И в самом деле, если бы все шло так, как мы хотим и ожидаем… Но!.. В общем, Николая, к его великому удивлению, вскоре раскулачили, отняли все «движимое и недвижимое» и вместе с женой увезли к черту на кулички — далеко за Тобольск, в тайгу, в болота, где он прожил с неделю в тесном вонючем бараке, работая на валке леса, полуголодный, обиженный и обалделый от всего. Потом они с Верой тайно ночью убежали из поселка, переплыли какую-то реку, чуть не утонули в бесконечных незнакомых топях и, ободранные, обессиленные, приплелись в Ялуторовск, где проживала Верина двоюродная сестра, а уже оттуда, приодевшись и отдохнув, уехали в Омскую область и до самой войны работали там в совхозе, представив дело так, будто они безлошадные, безземельные, ну самые что ни на есть голыши-горемыки.

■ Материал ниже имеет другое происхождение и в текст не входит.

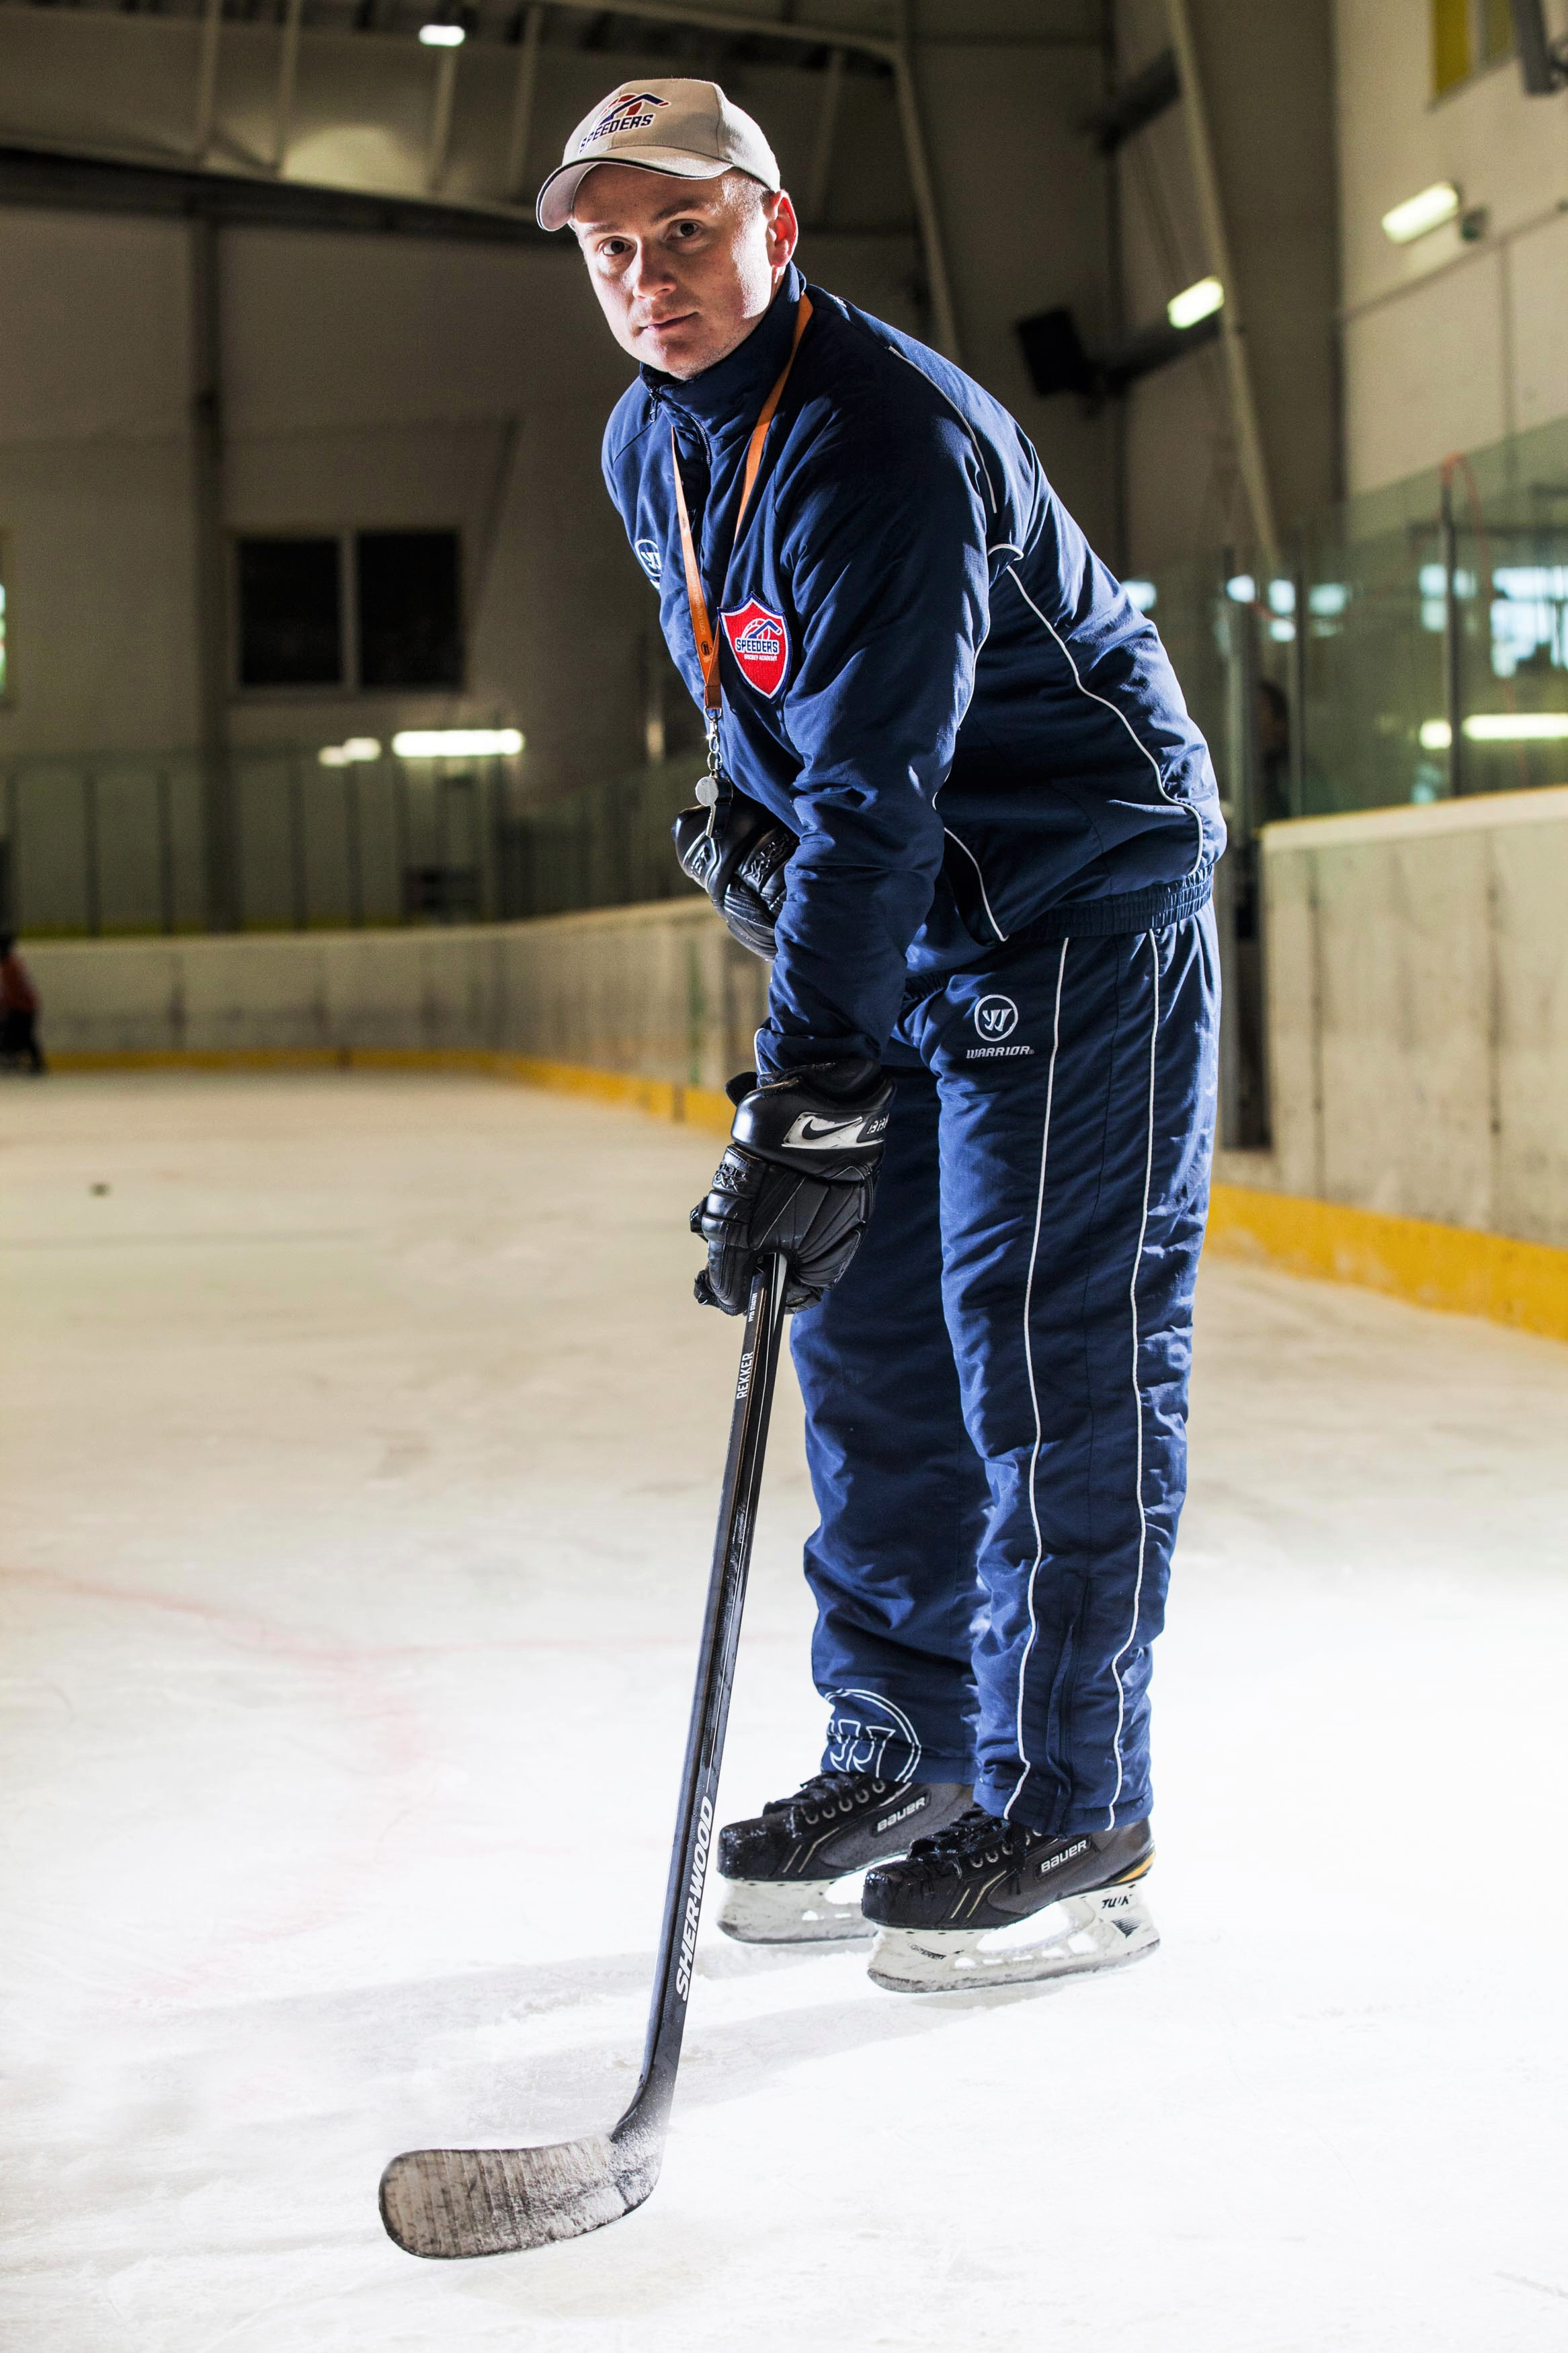 Ivan Kovalik speeders bratislava trener hokejovy postoj
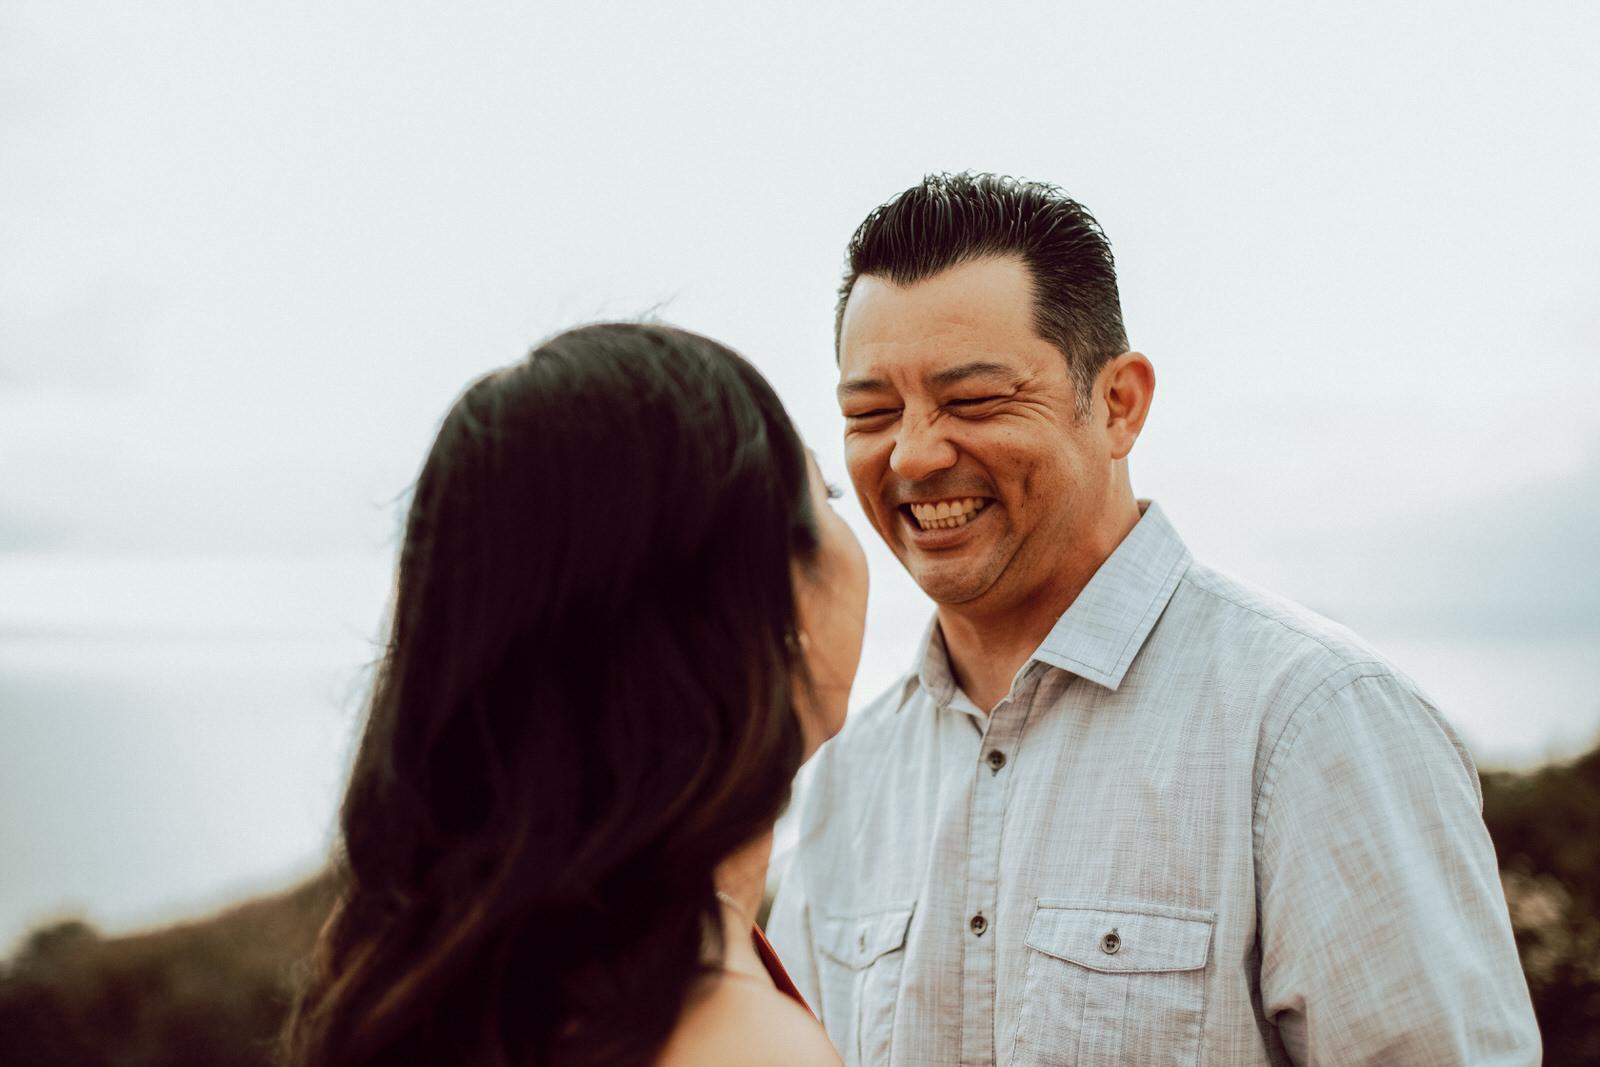 A tall man smiling at his girlfriend

Жизненные тяготы, преграды уже сами по себе приучают человека к дисциплине, а Николай к тому же еще и побаивался, чтобы не раскрылось его «кулачество», и работал, что называется, на полную катушку, став очень хорошим механизатором. Настороженность, опасливость и постоянное нервное напряжение, как ему казалось, усиливали его мышление, он становился умнее и думал с затаенной усмешкой: «Дураком жил, так хоть сейчас умным буду». Он охотно подал бы заявление в партию (и ему предлагали это сделать), но ведь тогда пришлось бы писать биографию, лгать…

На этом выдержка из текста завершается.